Analysis of differences in global levels of DNA methylation in cultivated andwild V. vinifera accessions. A Visualization of genomic and epigenomic information for chromosome 17 of Vitis vinifera using 100,000 bp windows. Vertical bars in panels (a) and (b) show the number of protein coding genes and transposable elements respectively per genomic window. Bars in panel (c) shows average sequencing depth per genomic window (Log 10 of calculated depth for sequenced bases). Panel (d) shows the average fold change in methylation in given window (blue and red bars indicate an average hypermethylated or hypomethylated window in cultivated vs. wild accessions. Panel containing chromosome number (i.e., chr17 here) shows average fold change in methylation in each window (hypomethylation (orange) hypermethylation (yellow). To visualize an interactive version of the figure containing all DMCs per window in all chromosomes see Supplementary File 1 (Follow instructions available in Supplementary File 2). Panels generated using ChromoMap R [41]. B Bars show the average percentage of methylation per sequence context (CG, CHG, CHH, and unknown) in cultivated (V. vinifera ssp. vinifera (n = 10); black bars), and wild type (V. vinifera ssp. sylvestris (n = 8); white bars) accessions. Error bars indicate the calculated Standard Deviation. ** T-test, p-value < 0.01. C-E Multivariate analysis of percentage of methylation for all individual cytosine sequenced in cultivated and wild V. vinifera accessions. Principal Component analysis plots show results for methylation analysis results in the CG (C), CHG (D), and CHH (E) contexts. Blue and red circles represent cultivated and wild accessions respectively. PCs 1 to 3 represent 53, 64, 69% of the total measured variability in CG, CHG, and CHH contexts respectively
Analysis of global methylation levels in wild and cultivated accessions at genomic feature level (i.e., intergenic and genic regions) showed that intergenic regions presented similar levels of DNA methylation to those observed genome-wide in all sequence contexts, with the exemption of CHGs, which showed higher levels of DNA methylation (Supplementary Fig. 1). Conversely, genic regions showed consistently lower levels of DNA methylation in all sequence contexts than those observed genome-wide (Supplementary Fig. 2). Finally, cultivated accessions presented significantly higher levels of DNA methylation (T-test, p-value < 0.01) than wild accessions in all sequence contexts and genomic features (Supplementary Figs. 1 and 2).
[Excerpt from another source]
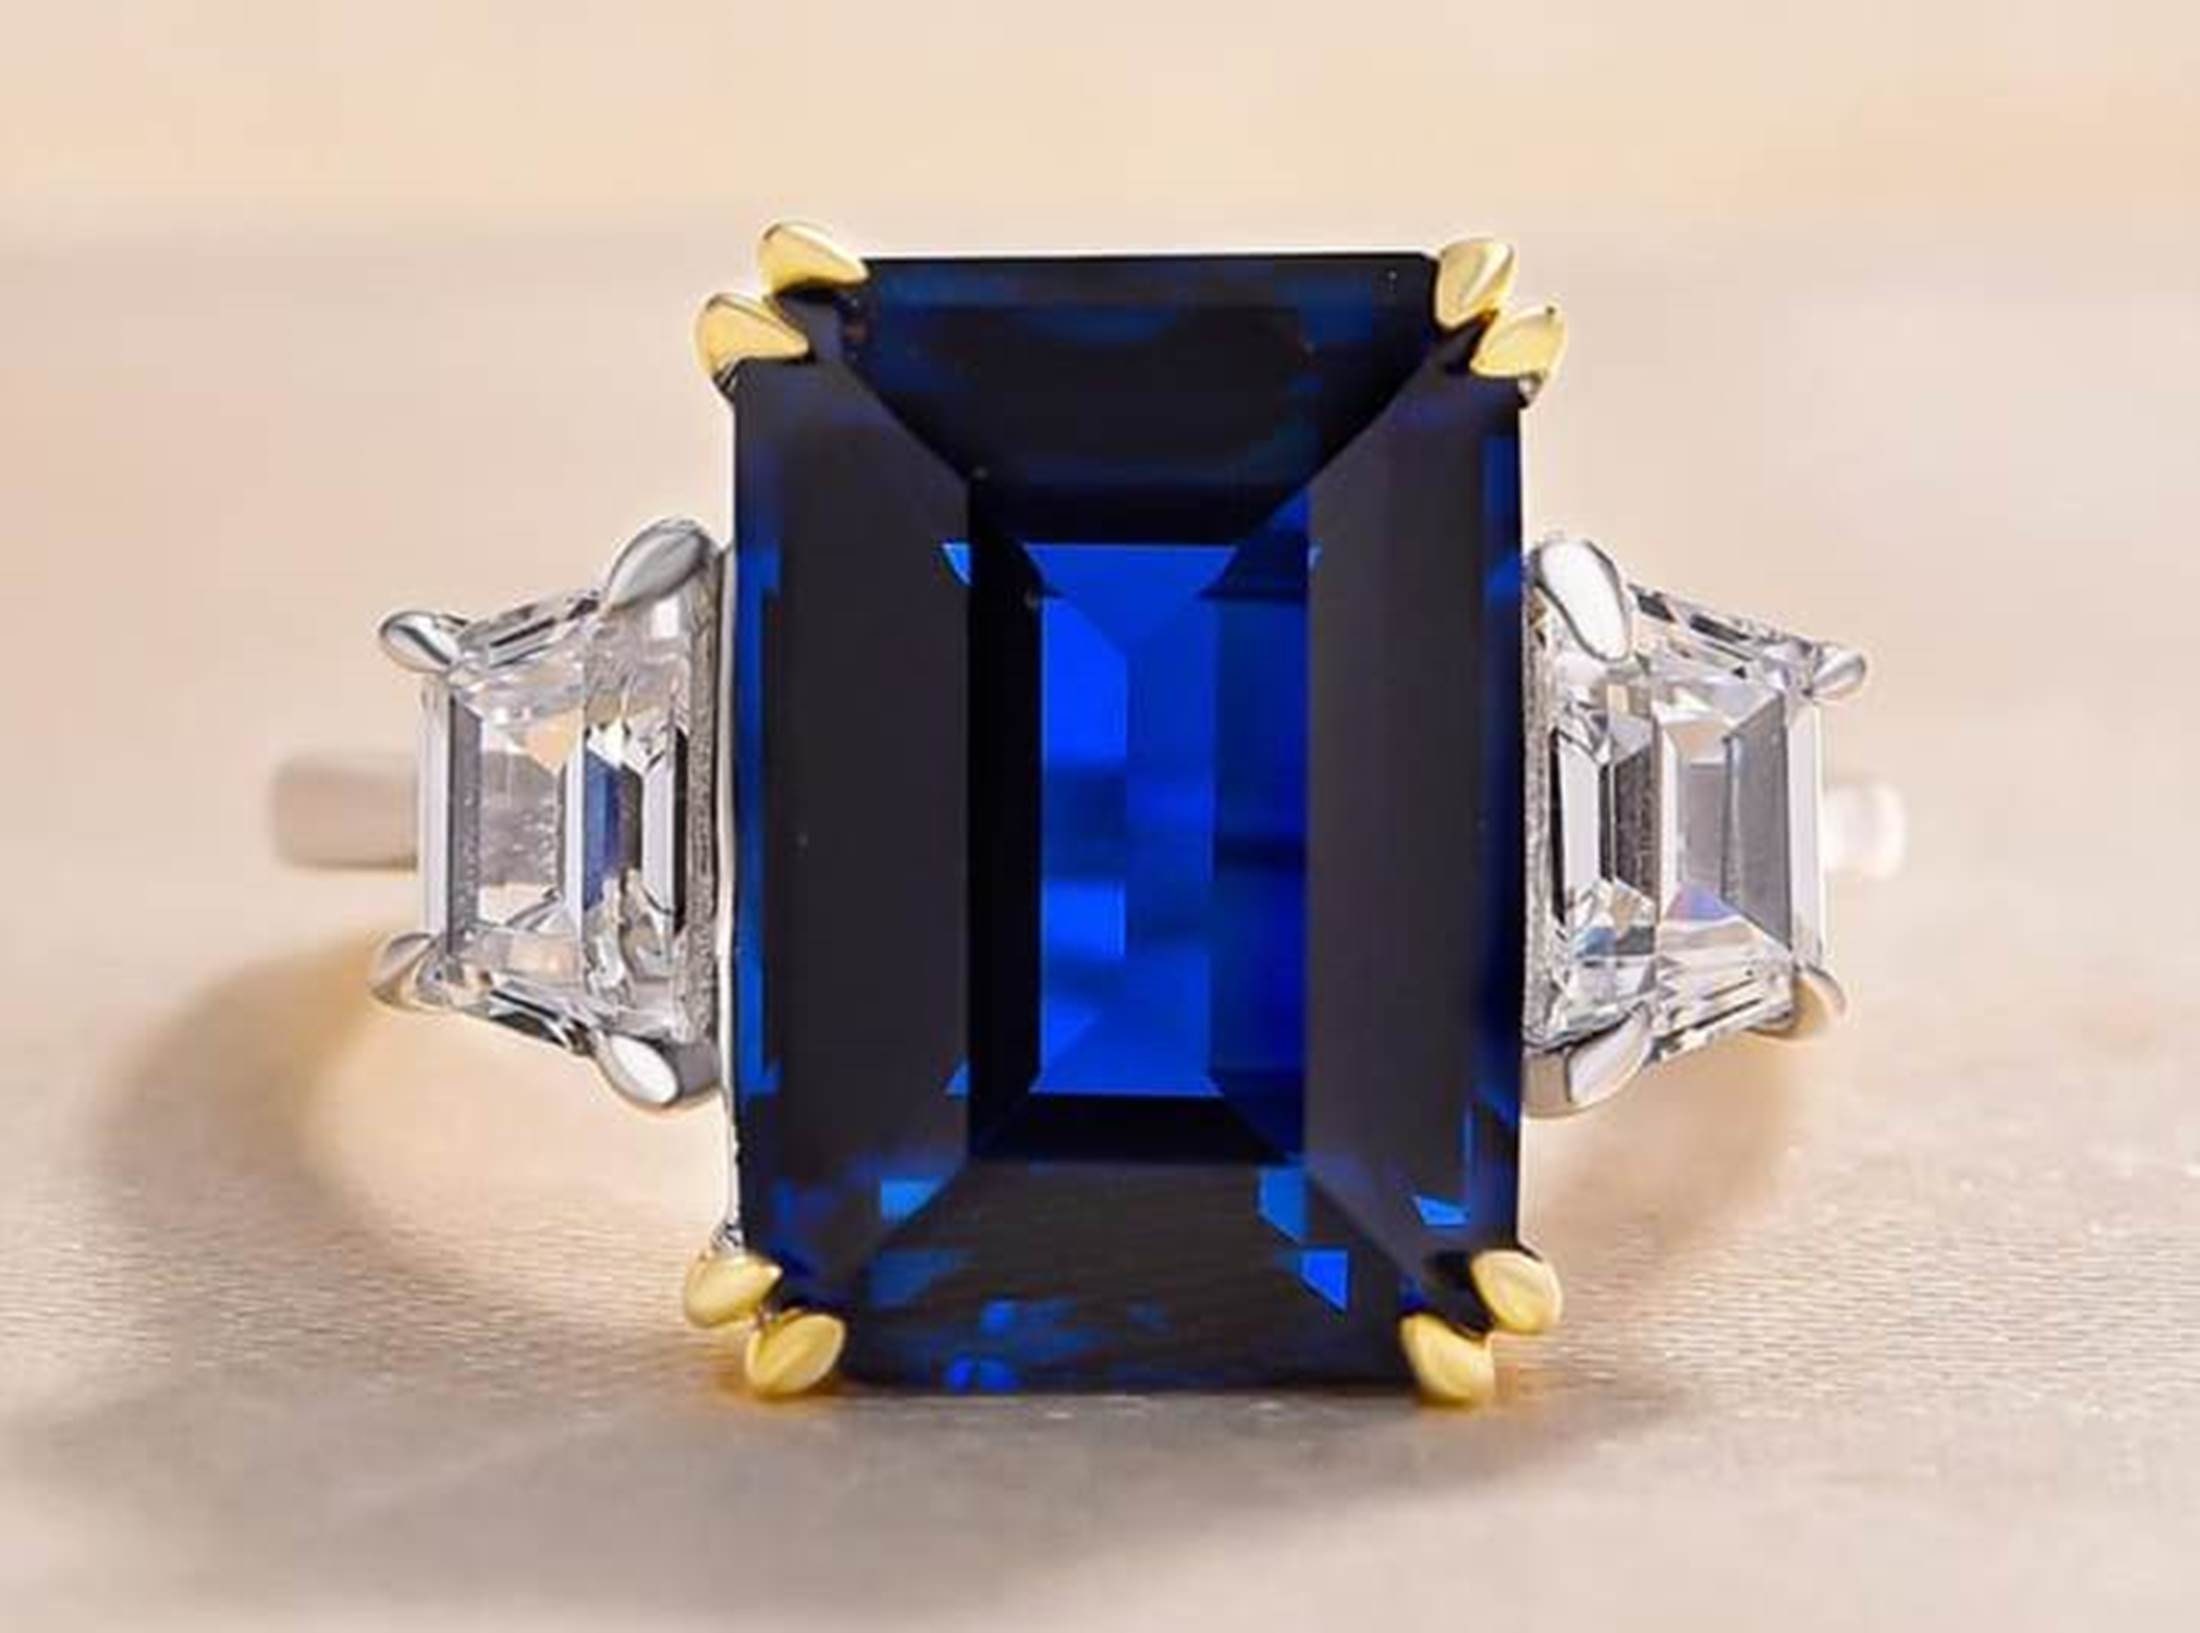 buy panchdhatu ring, blue sapphire price, neelam ek ratti price, neelam  stone price in india, natural stone rings, best quality stone – CLARA

Identification of differentially methylated cytosines associated to domestication
Differential Methylation analysis identified a total of 9955 DMCs between wild and cultivated accessions evenly distributed across the genome (Fig. 1A and Supplementary File 1). Of those, 7793 DMCs were hypermethylated and 2162 DMCs were hypomethylated in cultivated vines compared to wild accessions. The majority of both hyper and hypomethylated DMCs were found in the CHH context (77 and 69% respectively) (Fig. 2A). From a gene feature context, DMCs were mainly found in intergenic regions (Fig. 2B). This is particularly evident in the CHH context, where 56 and 60% of hypermethylated and hypomethylated DMCs, respectively, were found in intergenic regions. The second most abundant genic feature presenting DMCs were introns, with percentages varying between 24 and 35% in hypermethylated DMCs, and 28 and 32% in hypomethylated DMCs, depending on the sequence context (Fig. 2B).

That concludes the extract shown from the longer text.